According to the Southern Baptist Convention's 2000 Baptist Faith and Message, the office of pastor is "limited to men as qualified by Scripture."

In keeping with the confession statement, the state convention voted on March 16 to declare Druid Hills "not a cooperating church."

It added, "The GBC has never been opposed to women serving in ministry positions other than pastor," according to Associated Baptist Press.

This is the second time the Georgia Baptist Convention has moved toward severing ties with a local church over a female pastor. Last year, the convention voted to end its relationship with First Baptist Church in Decatur over the congregation's decision to bring a woman to the pulpit. Julie Pennington-Russell became senior pastor of First Baptist in 2007.
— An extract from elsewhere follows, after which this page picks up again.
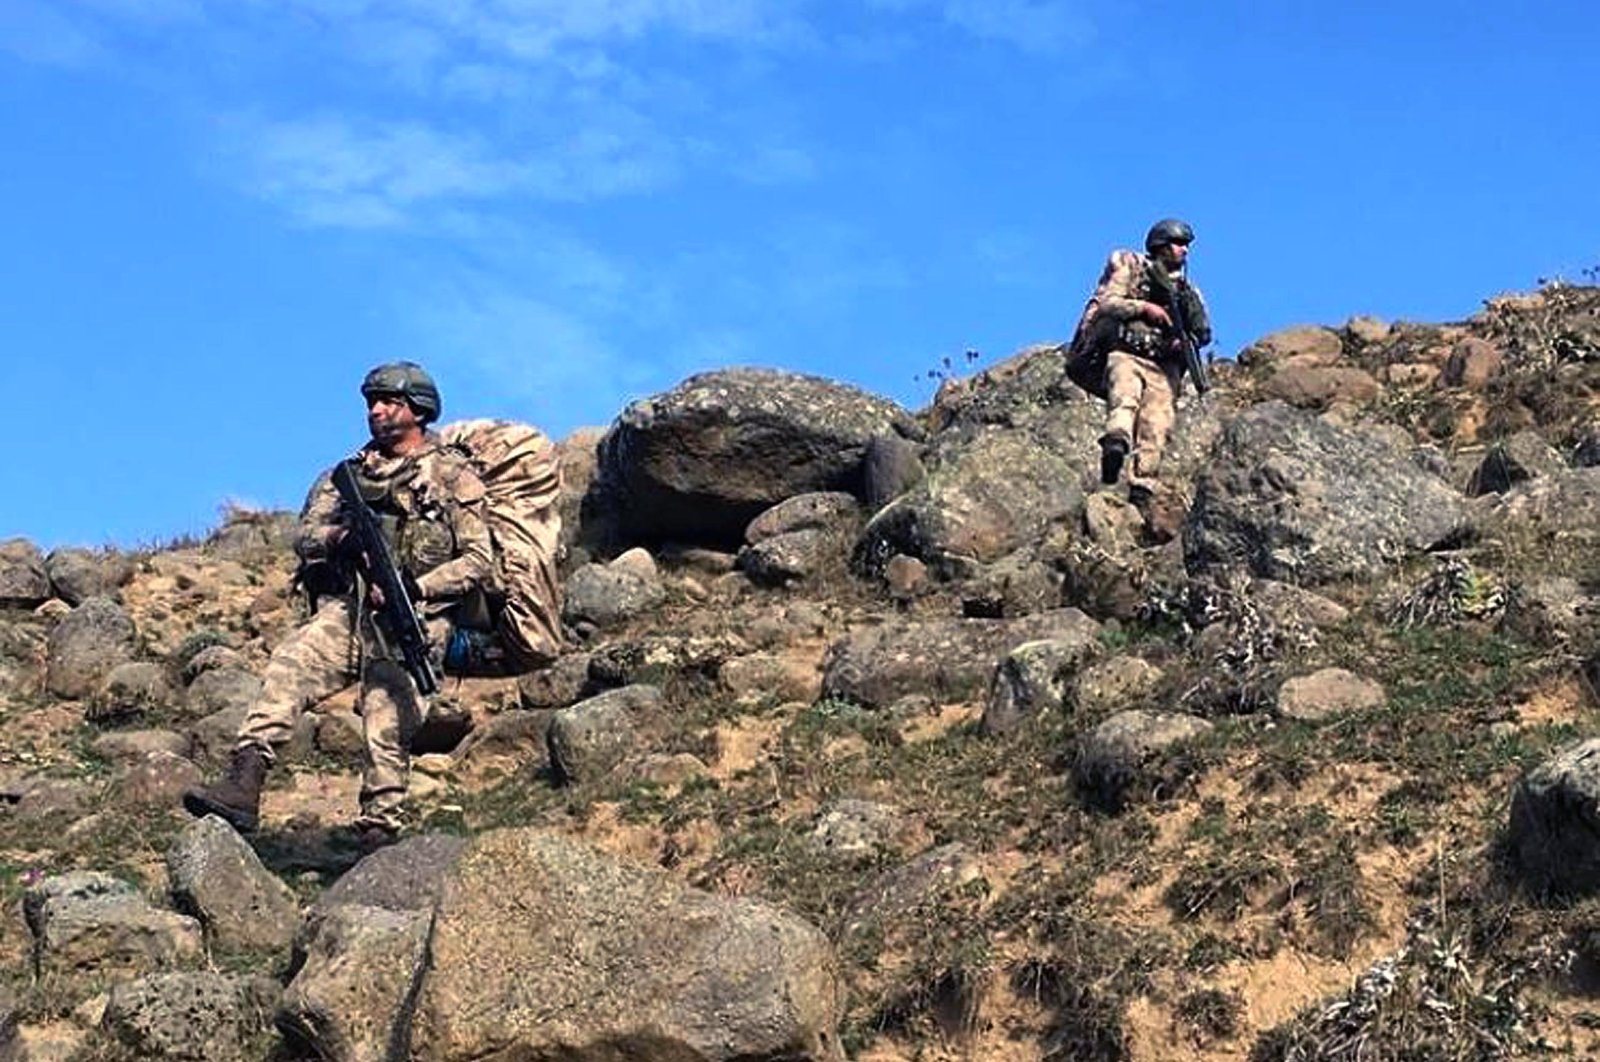 Turkish security forces regularly conduct counterterrorism operations in the eastern and southeastern provinces of Turkey where the PKK has attempted to establish a strong presence.

"I’ve seen women in the ministry and worked with women in Presbyterian and Methodist churches," Walker told AJC. "They are moving forward in the process of keeping women involved in the ministry and moving toward equality.

"Our disagreement is related to how you interpret Scripture."

Amid ongoing conflicts over female pastors, some Southern Baptist leaders have made clarifications to what they believe.

Dr. Richard Land, president of The Ethics & Religious Liberty Commission, said the Baptist Faith and Message does not state that "women are to be subservient to men." They are of equal worth before God, he stated earlier.

And though women are gifted for service in the church, Land says the New Testament teaches that "a woman is not to usurp authority over the man" and thus women are not to serve as pastors.

The Georgia Baptist Convention, which has roughly 3,600 churches and is one of 41 state conventions throughout the country, will vote in November on the recommendation to sever ties.